Successful checklists are created by the physicians, nurses, and staff that actually use them. Ineffective checklists are imposed from above by administrators without regard to local practice or input from end-users.

On the bottom of the World Health Organization Safe Surgery Checklist are these two sentences: “This checklist is not intended to be comprehensive. Modifications to fit local practice are encouraged.”

This item on the checklist is the most important because ignorance of this advice from the WHO is the source of almost 90% of checklist implementation failures. Successful checklists are created by the physicians, nurses, and staff that actually use them. Ineffective checklists are imposed from above by administrators without regard to local practice or input from end-users.

For example, at the University of California, San Francisco Medical Center, the Neurosurgery unit just created its own Time Out checklist.  Because of its proven record in reducing surgical morbidity and mortality, relative ease of use, and focus on improving interdisciplinary team communication practices, the WHO Surgical Safety Checklist was used as a major point of reference in the design of their checklist.

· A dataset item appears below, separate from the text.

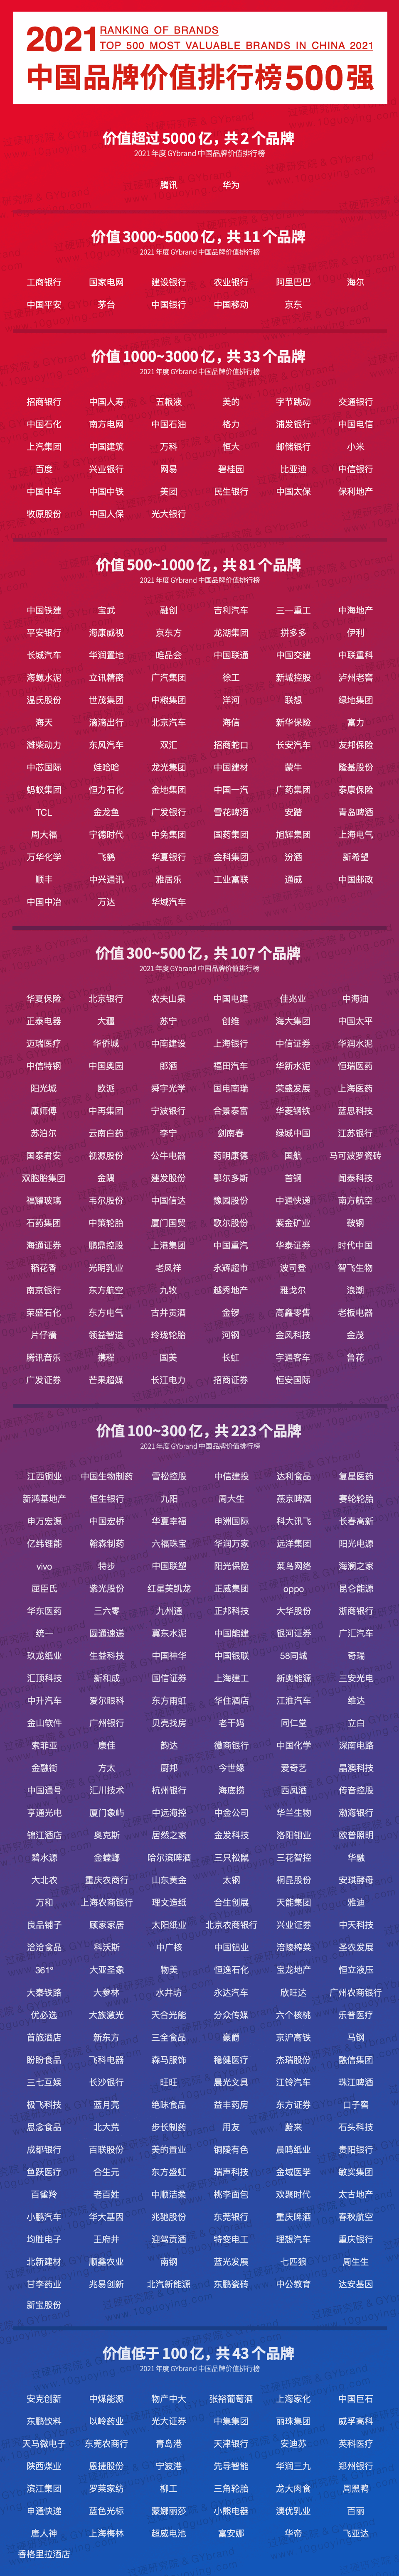 南京食品企业名录_天津食品企业排名_南京品牌食品企业排名

An interdisciplinary taskforce modified the checklist and inserted neurosurgery-specific language and concerns to make the WHO Surgical Safety Checklist and its communication practices more applicable to neurosurgical procedures in their institution. In addition, the taskforce consolidated the timeouts before induction of anesthesia and before skin incision on the WHO checklist for 2 reasons.

  1. It is often challenging to have all multidisciplinary operating room team members congregate on 2 separate occasions to conduct 2 timeout checks.
  2. Moreover, the WHO checklist before the induction of anesthesia places heavy emphasis on addressing airway concerns and verifying the functionality of equipment. Anesthesiologists at UCSF institution already routinely perform their own separate equipment checks and assess the patient’s airway prior to anesthesia induction.

These are two great examples of the type of modifications that must be done to create a checklist that staff will actually use in a sustainable way.

To view a video of the completed checklist at UCSF, use these links. Click here to view with Media Player. Click here to view with Quicktime.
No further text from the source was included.